See `./test/environments/controllers/geometric_tracking.jl` and `./test/environments/controllers/geometric_tracking_inner_outer.jl` for [the geometric tracking controller](https://ieeexplore.ieee.org/abstract/document/5717652/).
### Control barrier function (CBF) methods
For examples of CBF methods, see `./test/environments/controllers/cbf.jl`.
## Visualisation
### Missile guidance with interactive visualisation
- See `test/pluto_guidance.jl` (thanks to [@nhcho91](https://github.com/nhcho91)).
### Multicopter rendering
- For more details, see [FSimPlots.jl](https://github.com/JinraeKim/FSimPlots.jl).
## Examples with ROS2
See [FSimROS.jl](https://github.com/JinraeKim/FSimROS.jl).
## Related packages
### FSim family
- [FSimBase.jl](https://github.com/JinraeKim/FSimBase.jl) is
the lightweight base package for numerical simulation supporting nested dynamical systems and macro-based data logger. For more functionality, see FlightSims.jl.
- [FSimZoo.jl](https://github.com/JinraeKim/FSimZoo.jl)
contains predefined environments and controllers for FlightSims.jl.
- [FSimPlots.jl](https://github.com/JinraeKim/FSimPlots.jl) is
the plotting package for predefined environments exported from FlightSims.jl
- [FSimROS.jl](https://github.com/JinraeKim/FSimROS.jl) is
a package of FlightSims.jl family for ROS2.

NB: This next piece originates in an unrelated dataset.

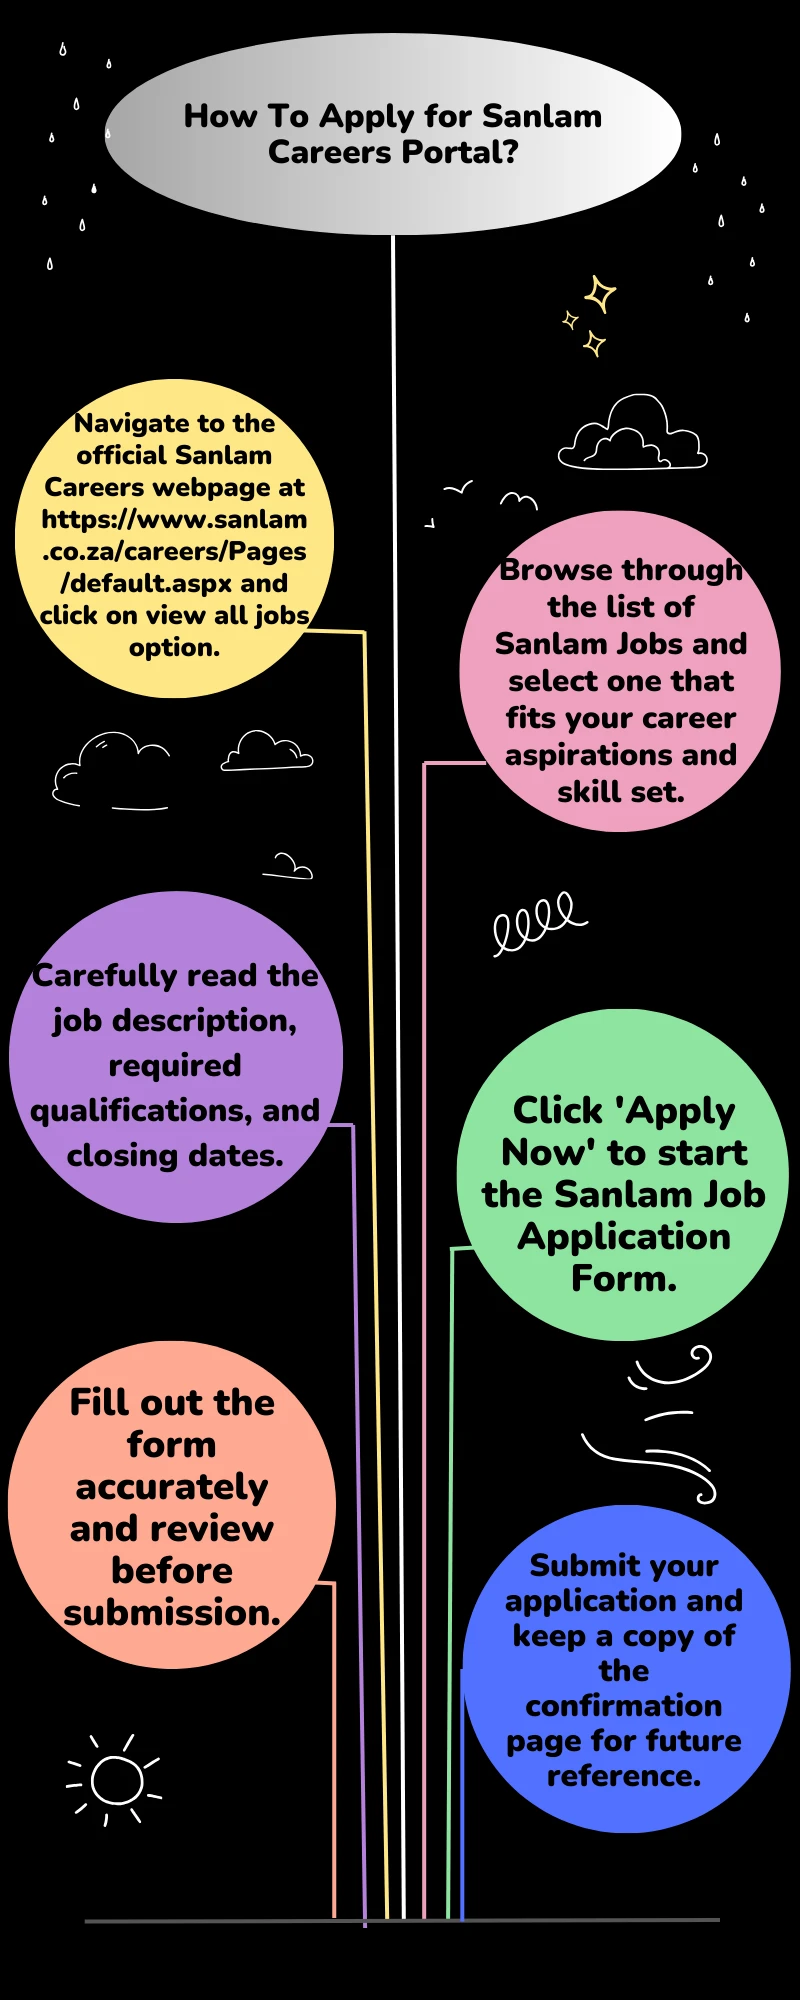 How To Apply for Sanlam Careers Portal?
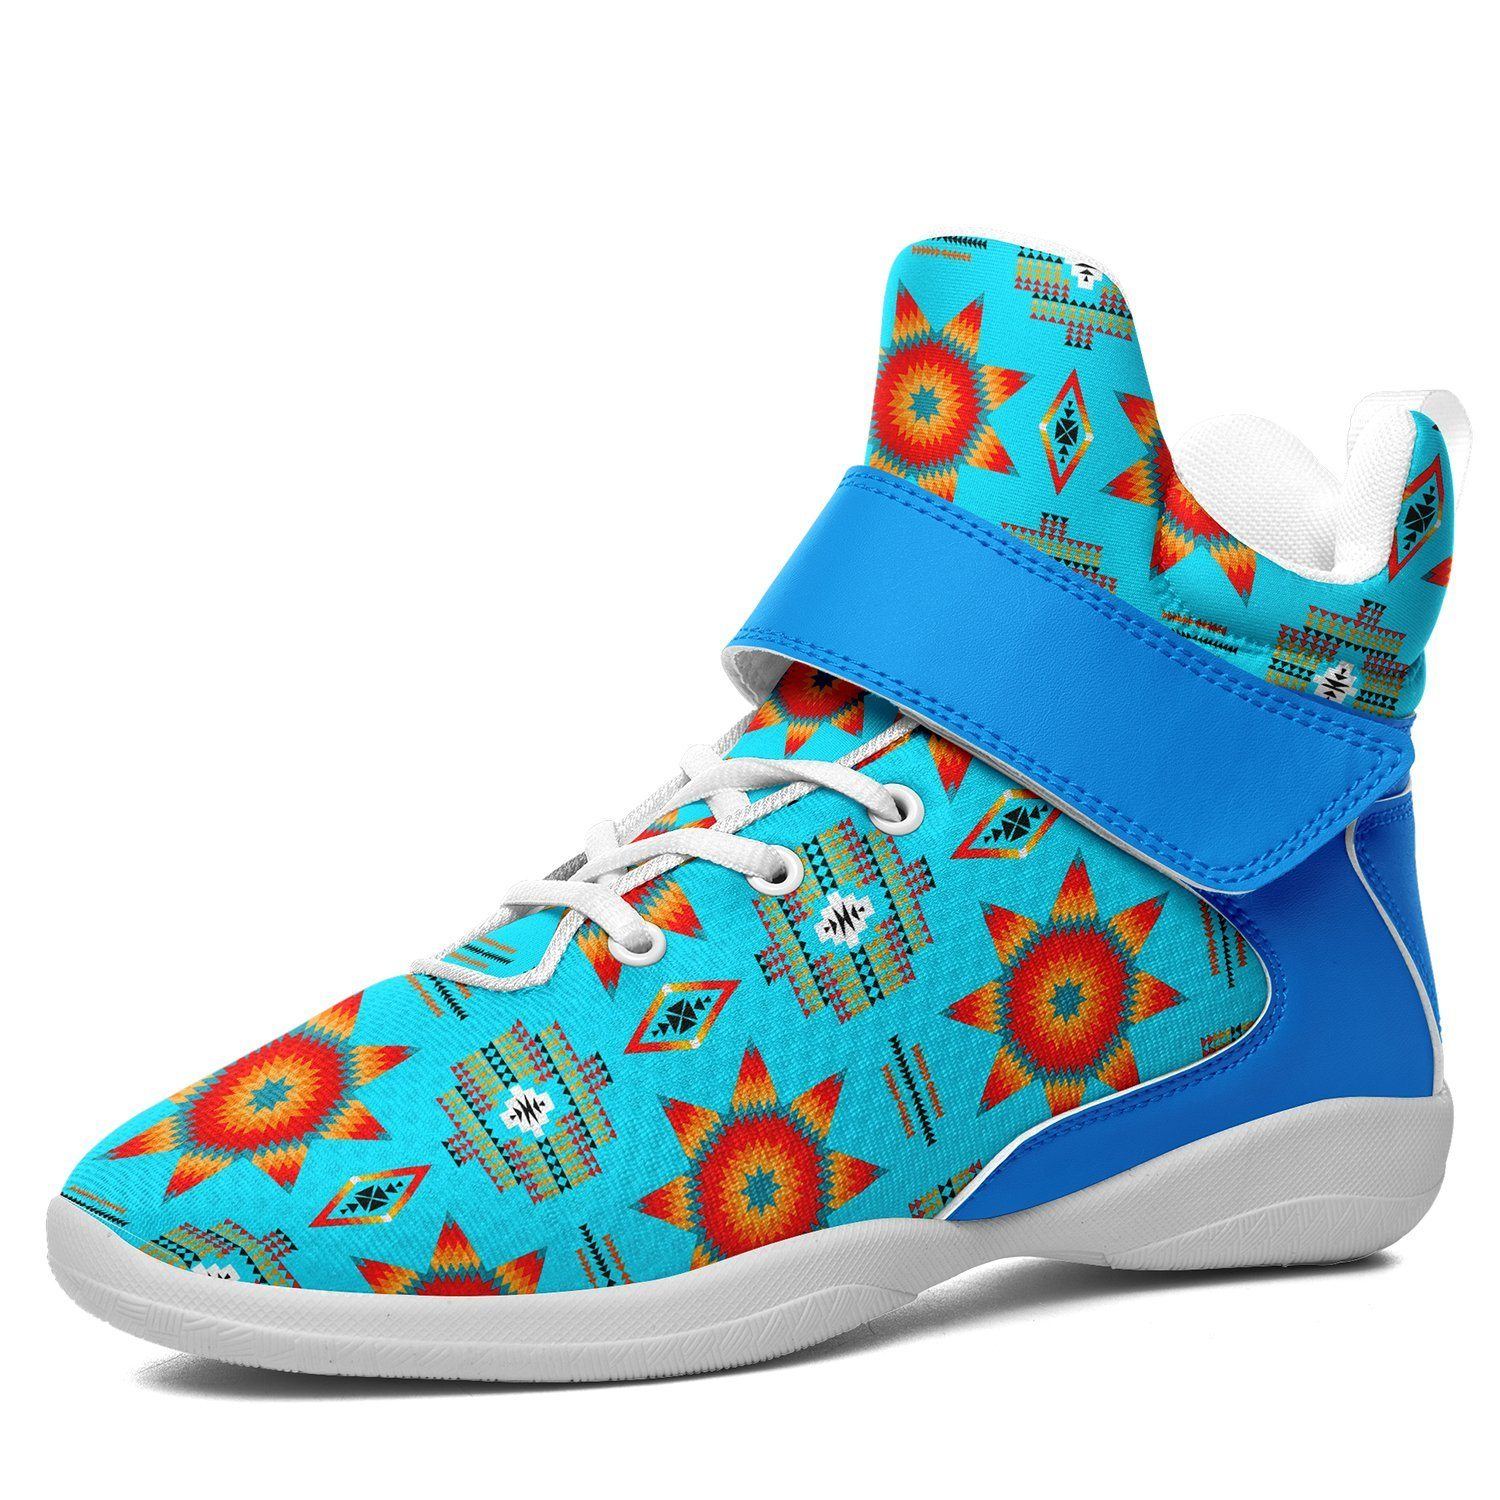 Rising Star Harvest Moon Kid's Ipottaa Basketball / Sport High Top Shoes 49 Dzine US Child 12.5 / EUR 30 White Sole with Light Blue Strap

### Packages using FlightSims.jl
- [FaultTolerantControl.jl](https://github.com/JinraeKim/FaultTolerantControl.jl):
fault tolerant control (FTC) with various models and algorithms of faults, fault detection and isolation (FDI), and reconfiguration (R) control.
- [FlightGNC.jl](https://github.com/nhcho91/FlightGNC.jl) ([@nhcho91](https://github.com/nhcho91)):
FlightGNC.jl is a Julia package containing GNC algorithms for autonomous systems.
### Useful packages
- It is highly based on [DifferentialEquations.jl](https://github.com/SciML/DifferentialEquations.jl) but mainly focusing on ODE (ordinary differential equations).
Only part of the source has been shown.